Well, you are in luck, I was the TD for our school's production of Les Mis last year. First, I am assuming you are doing this on a
stage indoors, not outside in what would turn out to be a mud pit for us. Here is what we did for effects, we first had a
fog system-that we never actually built-but was designed, and would have worked great if we had time. We had a
HVAC duct induction fan at the end of our pipe that the fogger sprayed into, then we had a series of splits that channeled the
fog to places around our
barricade to have
fog in random areas. We would then run bursts of
fog through it for a not to bad gunshot
effect, and since some pipes were longer, there was a delay as to when the
fog left certain spaces. This was a wonderful visual
effect, but you have to keep distance between the fogger and the fan, but the fan will suck all the
fog up, so you don't have to worry about a seal of some sort.
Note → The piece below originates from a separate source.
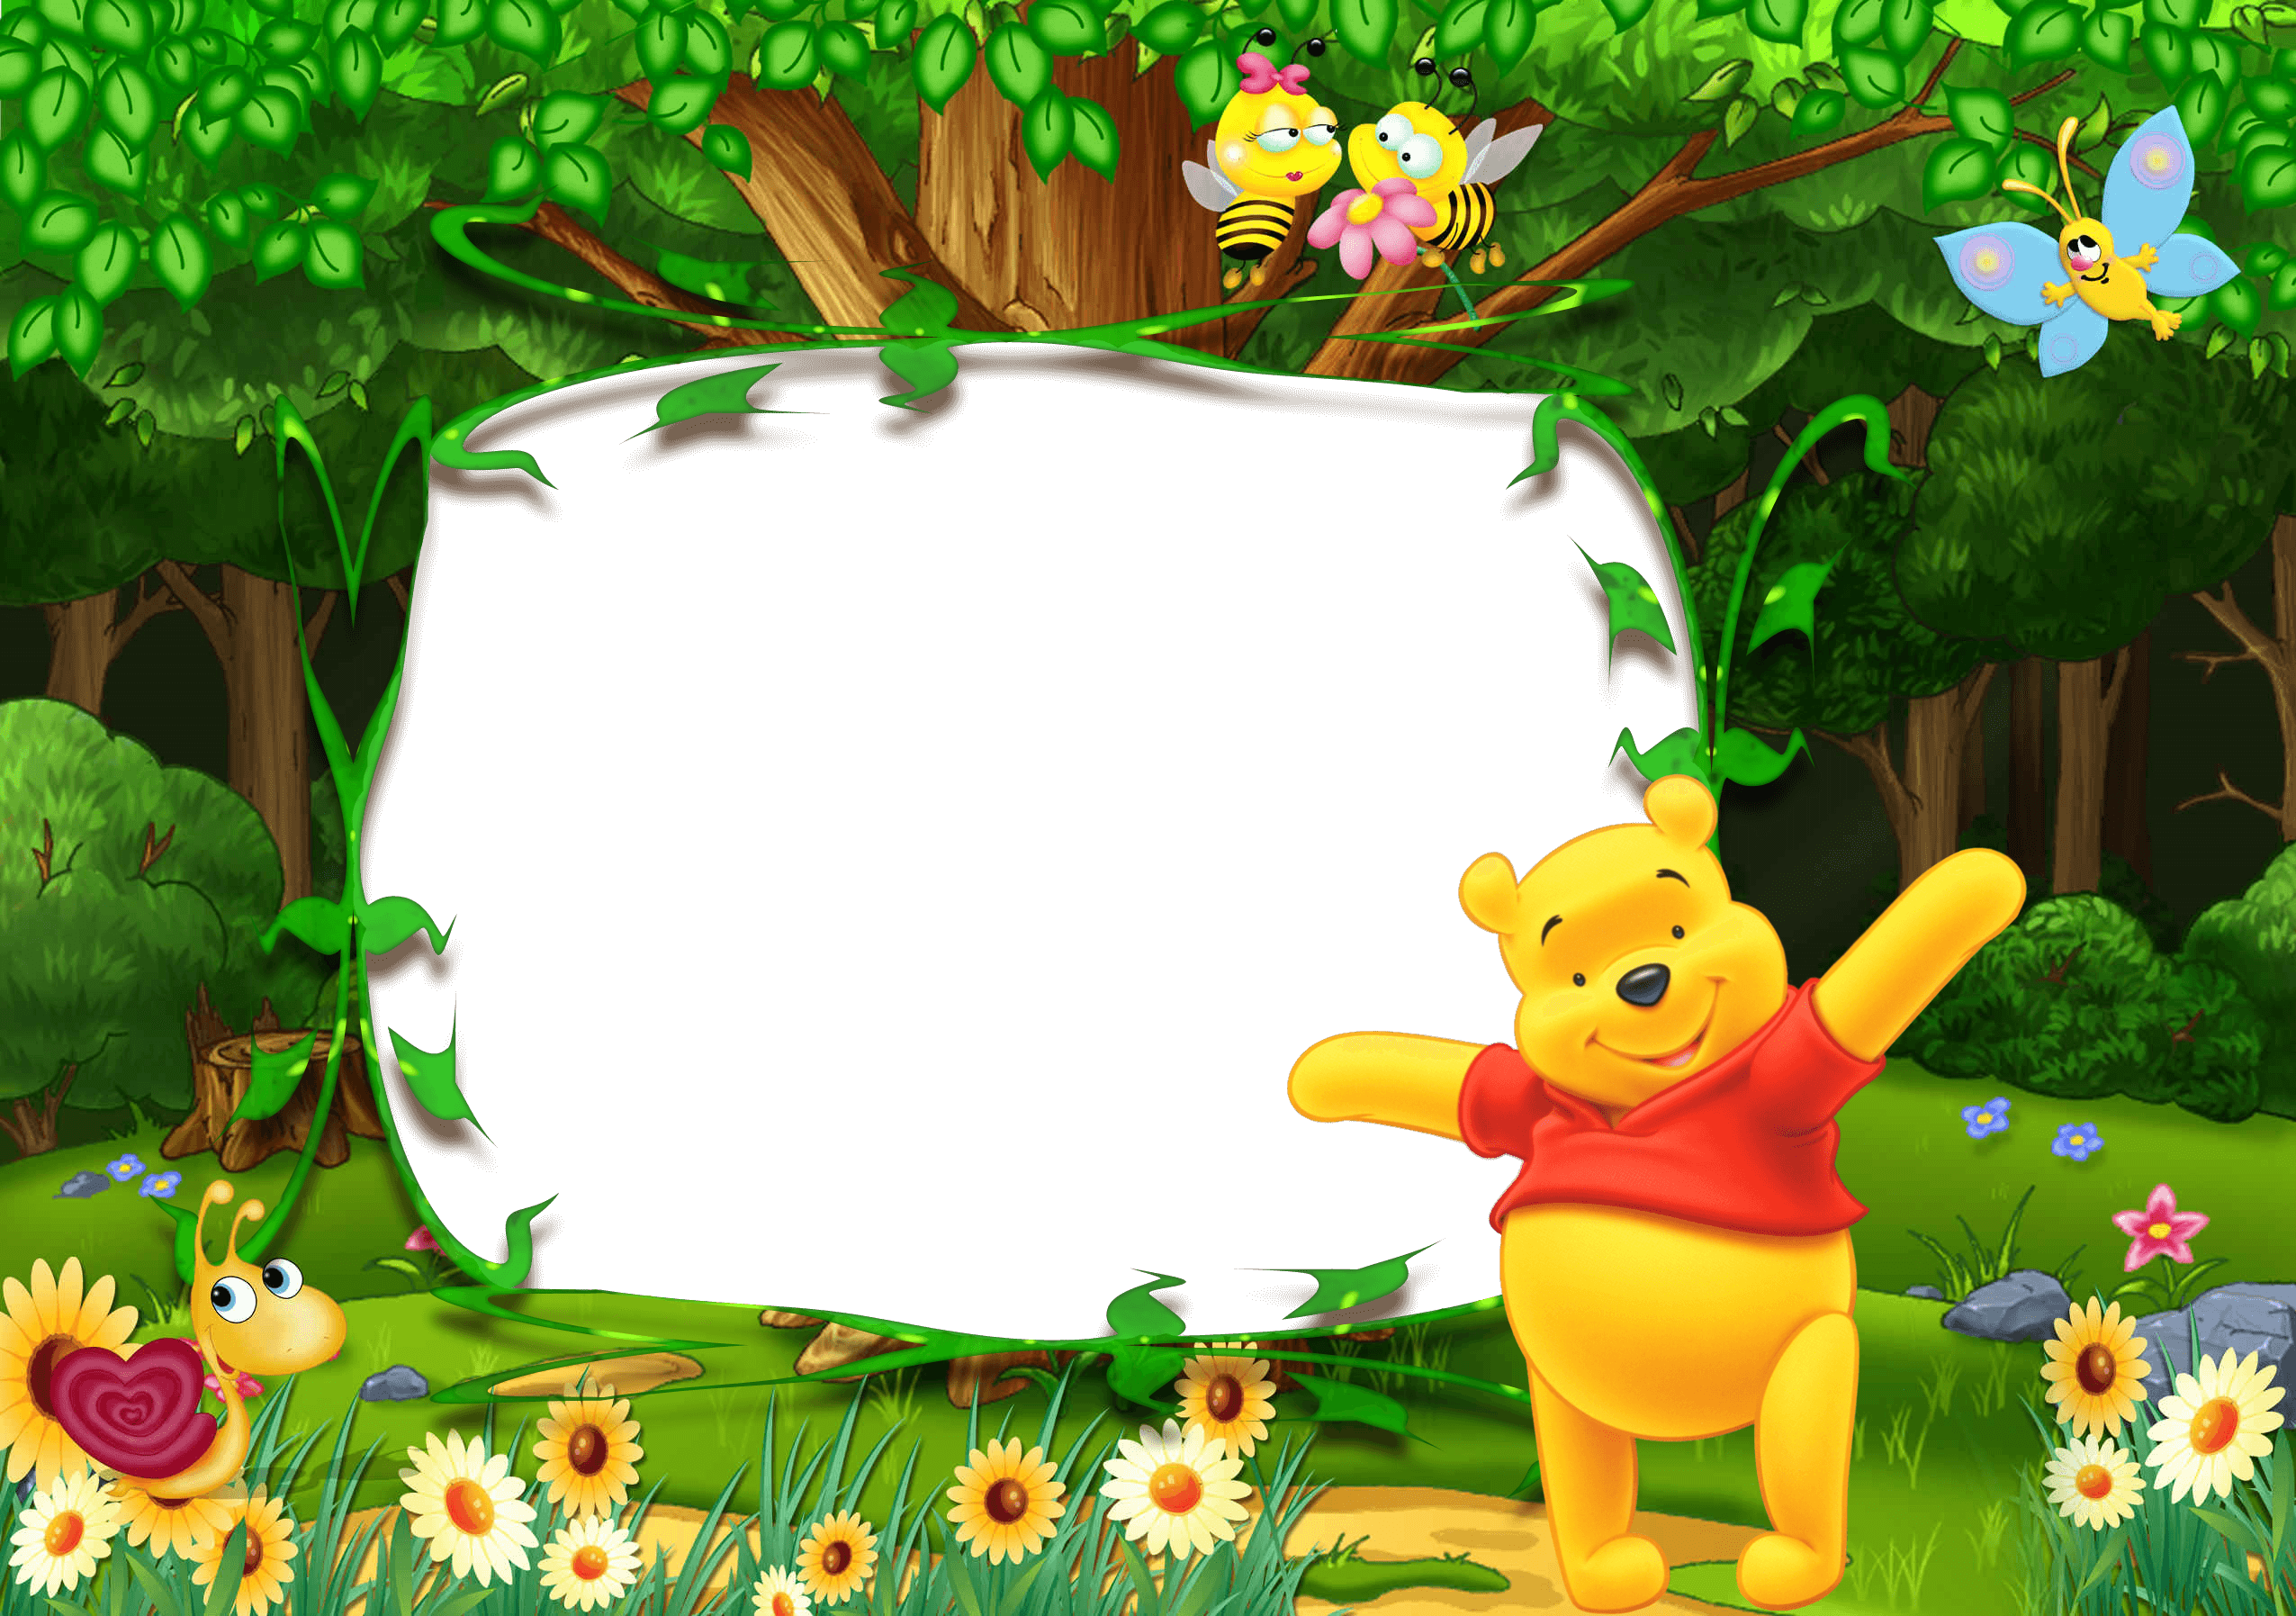 Marco De Foto Winnie The Pooh f  - Marco De Foto Winnie The Pooh f

Small lighting flickers add a nice
effect as well, but are not needed.
As for audio effects, hinged 2x4's would work great, have your
stage crew behind your
barricade, or off
stage slapping them together at random intervals, the more the better. Handles on the 2x4's are very nice, and they are easy to operate and hard to break. For our show, we had live music, so we got our pianist to use a keyboard to
play gunshot effects off the keyboard into the sound
system, then into the
house. It actually sounded pretty good, and since he could see what was going on, more lifelike than recorded sound effects.
Mic-ing the 2x4's would be fairly difficult, because you would run into peaking fairly easily, and might sound bad in your sound
system, but it is something you should test.